1. Psychologists see learning as an active process. There is little provision made for the
pupil’s activity in the lecture method.
2. Significance of the student is more than of the subject. In this method the lecturer
presents the factual material for students to accept and memorize.
3. There is a possibility that no one except the lecturer is satisfied. Some lecturer are poor
and uninspiring.
4. Students, if they do not understand some vital points, lose much of the lecture, since there
is no opportunity to discuss and get the clarification.
5. It is a positive disadvantage to those who have not learnt to take down notes.
6. Lectures are ineffective in changing pupils’ values.
7. There is too much taxation on memory. The lecturers try to teach too much at a time.
8. It is a waste of time to lecture on material which is factual and available in books.
9. There is no feedback to the lecturer.
10. Lectures keep learners in permanent adolescence. The more the learners develop their
capacity to store knowledge, the less they develop their critical faculties. The students
form a tendency to accept the readymade ideas as they are given to them.

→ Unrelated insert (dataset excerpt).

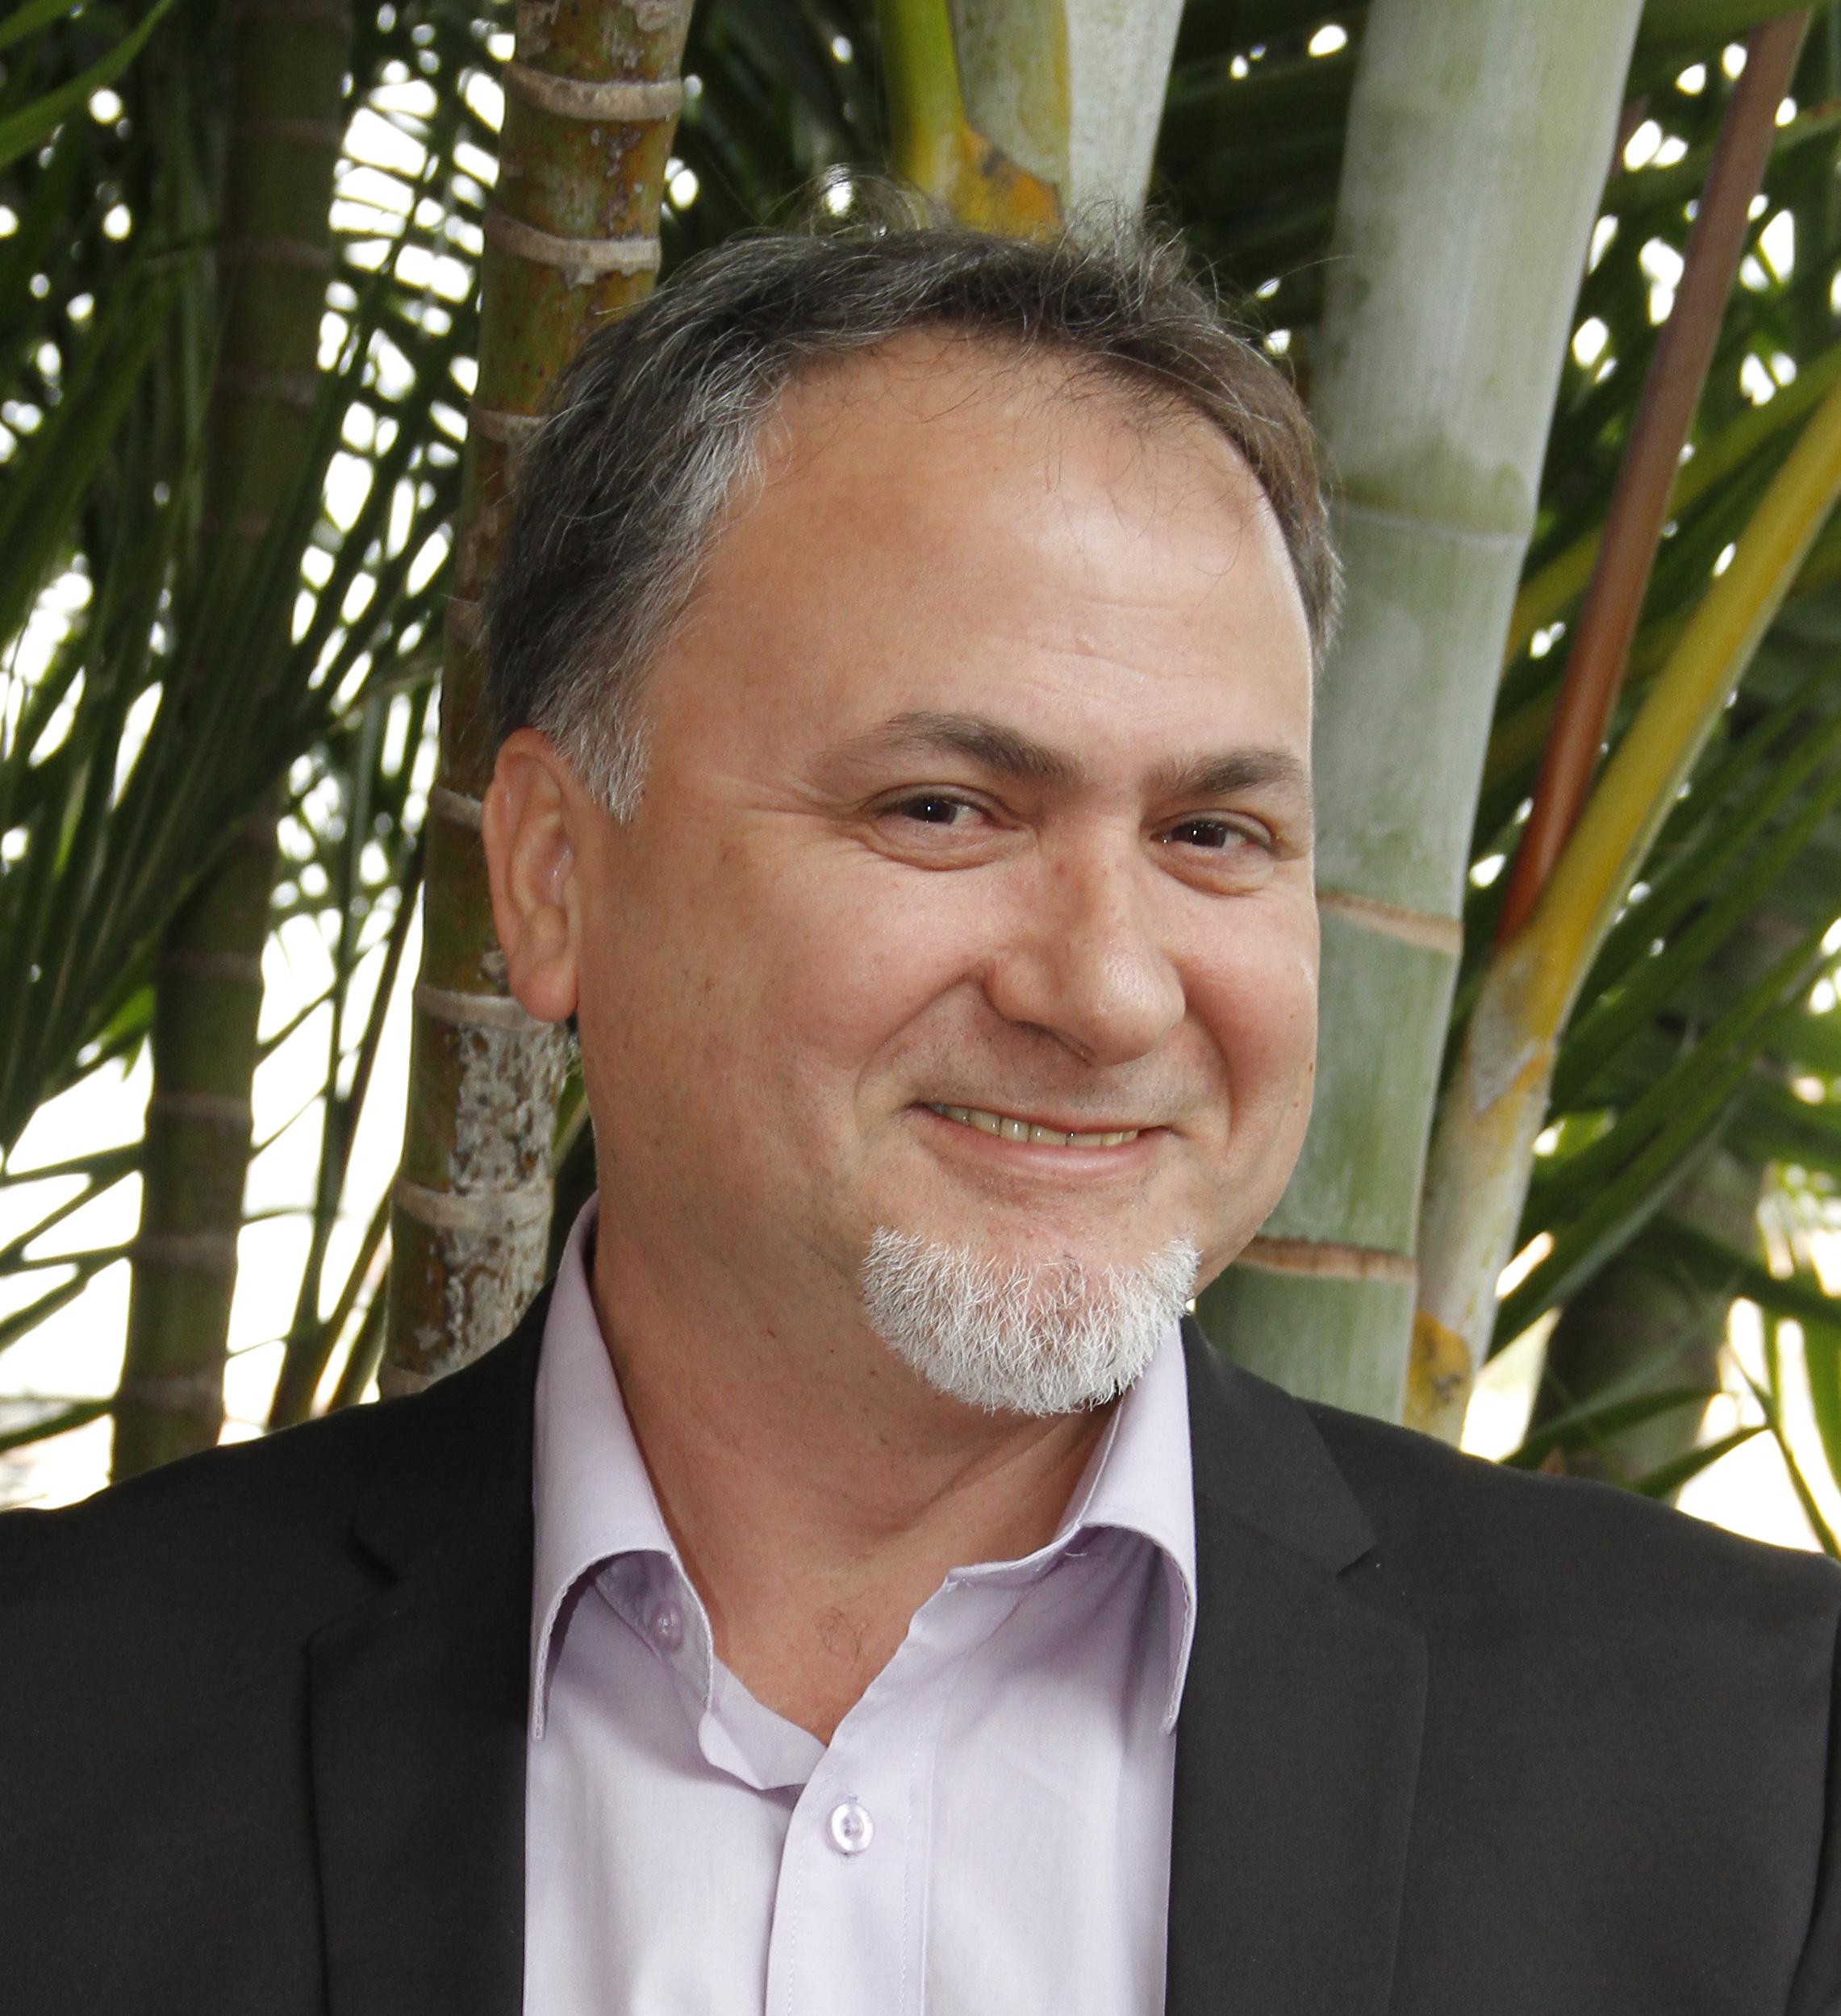 Fotógrafo Profissional Paulo Matheus

11. In a lecture it is assumed that the educational caliber of all the students is the same. Weak
students find it difficult to cope with the lecture and intelligent ones do not find the
lectures sufficiently interesting and inspiring. The lectures do not provide for the lectures,
individual attendance and guidance. It fulfills the needs of average and particularly below
average or educationally retarded students.
12. Students are tempted to produce the notes given by the lecturer in the examination. This
results in cramming rather than understanding the subject.

OBJECTIVES OF THE CURRICULUM


The long term objectives of the curriculum for non-formal and adult education are:
1. Integrated development of the people and their environment (physical social and
political)
2. Making the learners mature so that they could activity participate in their own
development.
3. Help to create a new social order with the active and conscious participation of the
community.
SHORT-TERM OBJECTIVES OF THE CURRICULUM
The decision of the short term objectives depends upon the immediate needs of the
community and their priorities. The short term objectives of the non-formal and adult education
are follows:
1. To make the target group critically understand their environments (physical, social and
political) and improve their ability to act on it.
2. Increase their incomes through socially useful productive work, and through cooperative
efforts.
3. Improvement of health with preventive and indigenous methods and nutritional
improvement.
4. Qualitative improvement of the family conditions.
5. Make them learn functional literacy and numeracy.
6. Participatory involvement of the community for self-development and self-reliance.
7. To make the adult learners aware of existing facilities such as primary health centers,
balwadis, free dispensaries, bank loans, etc. their personal improvement.
It is rather difficult to draw a distinction between long-term and short-term objectives because
curriculum, as such, is a conscious life long process.